Complementary metal oxide semiconductor image sensors generally utilize a series of photodiodes formed within an array of pixel regions of a semiconductor substrate in order to sense when light has impacted the photodiode. Adjacent to each of the photodiodes within each of the pixel regions a transfer transistor may be formed in order to transfer the signal generated by the sensed light within the photodiode at a desired time. Such photodiodes and transfer transistors allow for an image to be captured at a desired time by operating the transfer transistor at the desired time.

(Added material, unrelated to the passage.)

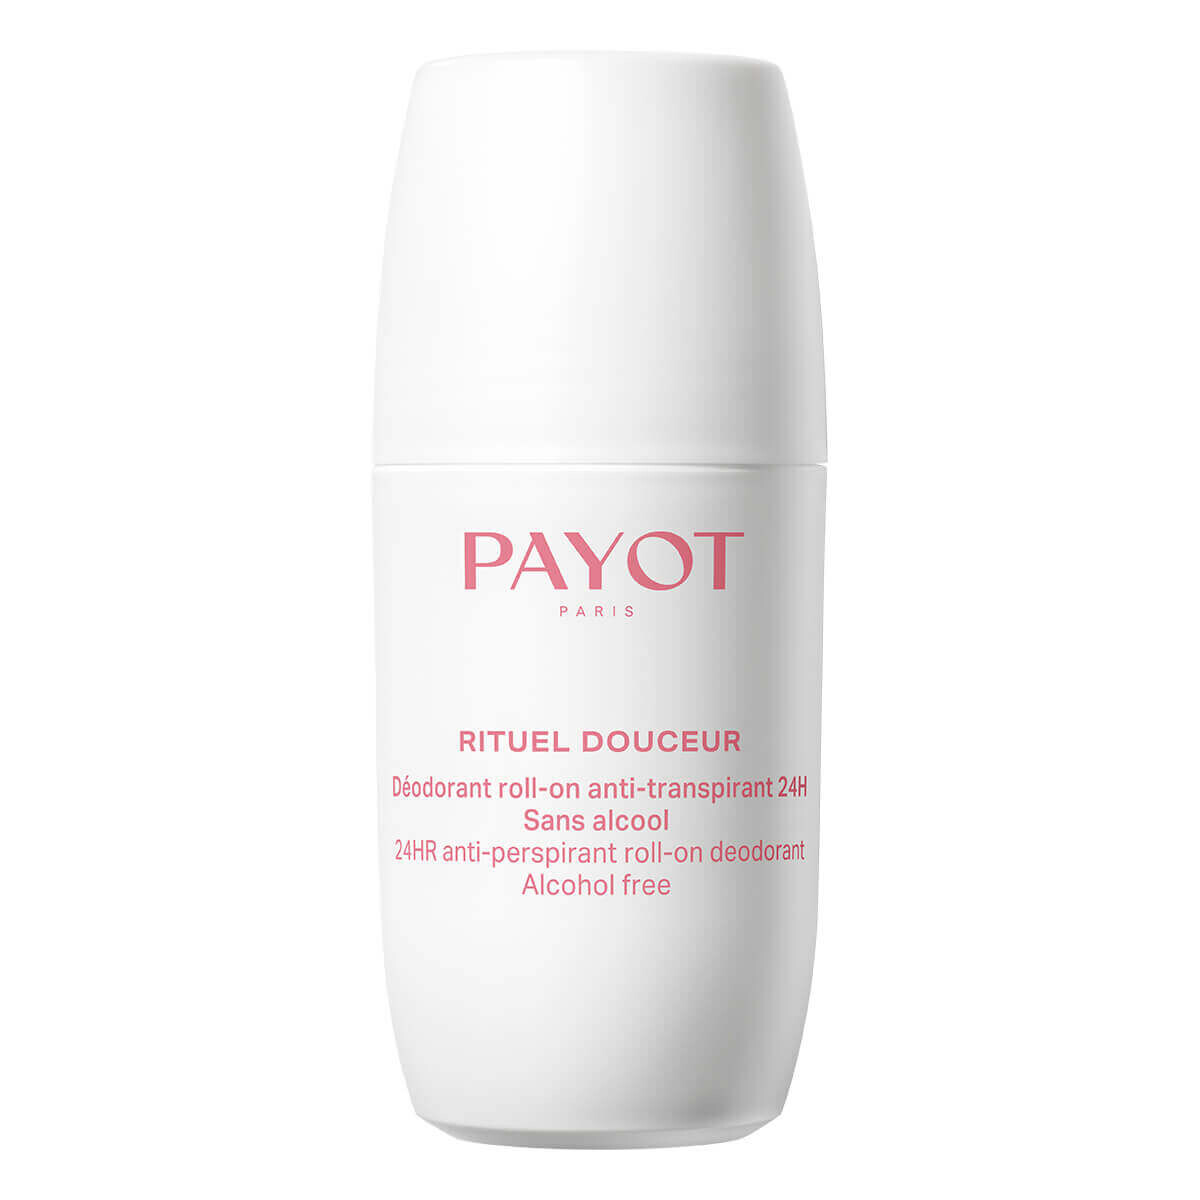 Payot 24hr Anti-perspirant Roll-On Deodorant, Alcohol free, 75 ml.

The complementary metal oxide semiconductor image sensors may generally be formed in either a front side illumination configuration or a back-side illumination configuration. In a front-side illumination configuration light passes to the photodiode from the “front” side of the image sensor where the transfer transistor has been formed. However, forcing the light to pass through any overlying metal layers, dielectric layers, and past the transfer transistor before it reaches the photodiode may generate processing and/or operational issues as the metal layers, dielectric layers, and the transfer transistor may not necessarily be translucent and easily allow the light to pass through.
In a back-side illumination configuration, the transfer transistor, the metal layers, and the dielectric layers are formed on a the front side of the substrate, and light is allowed to pass to the photodiode from the “back” side of the substrate such that the light hits the photodiode before it reaches the transfer transistor, the dielectric layers, or the metal layers. Such a configuration may reduce the complexity of the manufacturing of the image sensor and its operation.
However, pixel regions that are adjacent to each other may interfere with each other's operation in what is known as cross-talk. This cross-talk may occur when light from one pixel region makes its way into an adjacent pixel region, thereby causing the adjacent pixel region to sense the light. Such cross-talk can reduce the precision and the quantum efficiency of the image sensor.